Implement an allocator and garbage collector in (Rust compiled to) WebAssembly.
Status: only young generation is usable, no arrays
This GC is optimized for the Tel language, and makes some assumptions for that:
- Separate heap per thread.
- It's known whether a reference is (shallowly) mutable, and ideally most long-lived memory is immutable.
- Like most garbage collectors, works best if most memory is short-lived.
- If there is a reference to a field, there is also a reference to the object itself, to prevent it being GC'ed (probably references to fields aren't a language construct, but just an impl detail, so this can be ensured).
Memory is arranged into various regions:
- Wasm stack - this is outside wasm linear memory, and we cannot scan it for roots so cannot contain heap pointers.
- Shadow stack - we keep this inside linear memory, for any pointers and dynamically sized objects.
- Two young regions - all heap memory starts in the active half of this.
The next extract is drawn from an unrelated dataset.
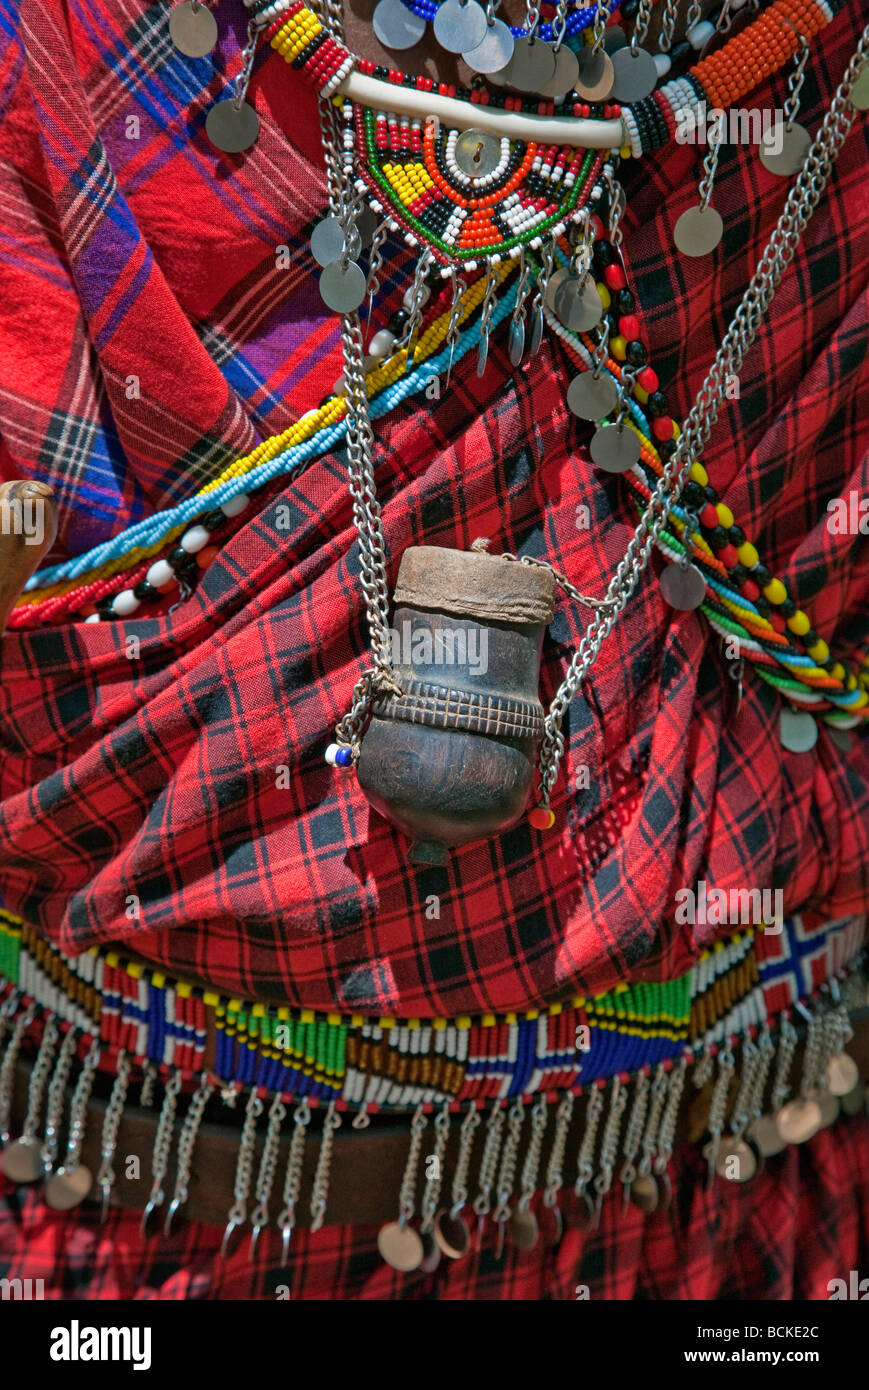 Kenya. Masai Mara. The traditional attire of a junior Maasai elder including a snuff container carved from a buffalo  s horn. Stock Photo

During every GC, all reachable young memory moves to the other half if young, or to the old regions, and active half is swapped. Objects here are marked as having or not having mutable pointers.
- Mutable old region - this is the old heap for mutable memory. During every GC, this region is scanned for roots, but during small GC it is assumed everything here is reachable.
- Immutable old region - this is the old heap for immutable memory. During small GC this is ignored, it is only scanned during large GC.
- GC metadata region - this contains metadata for use during GC.
Because everything that survives the young region stays for the same number of cycles, we can assume that the immutable old region cannot reference the young region, because the young memory didn't exist when those objects were created.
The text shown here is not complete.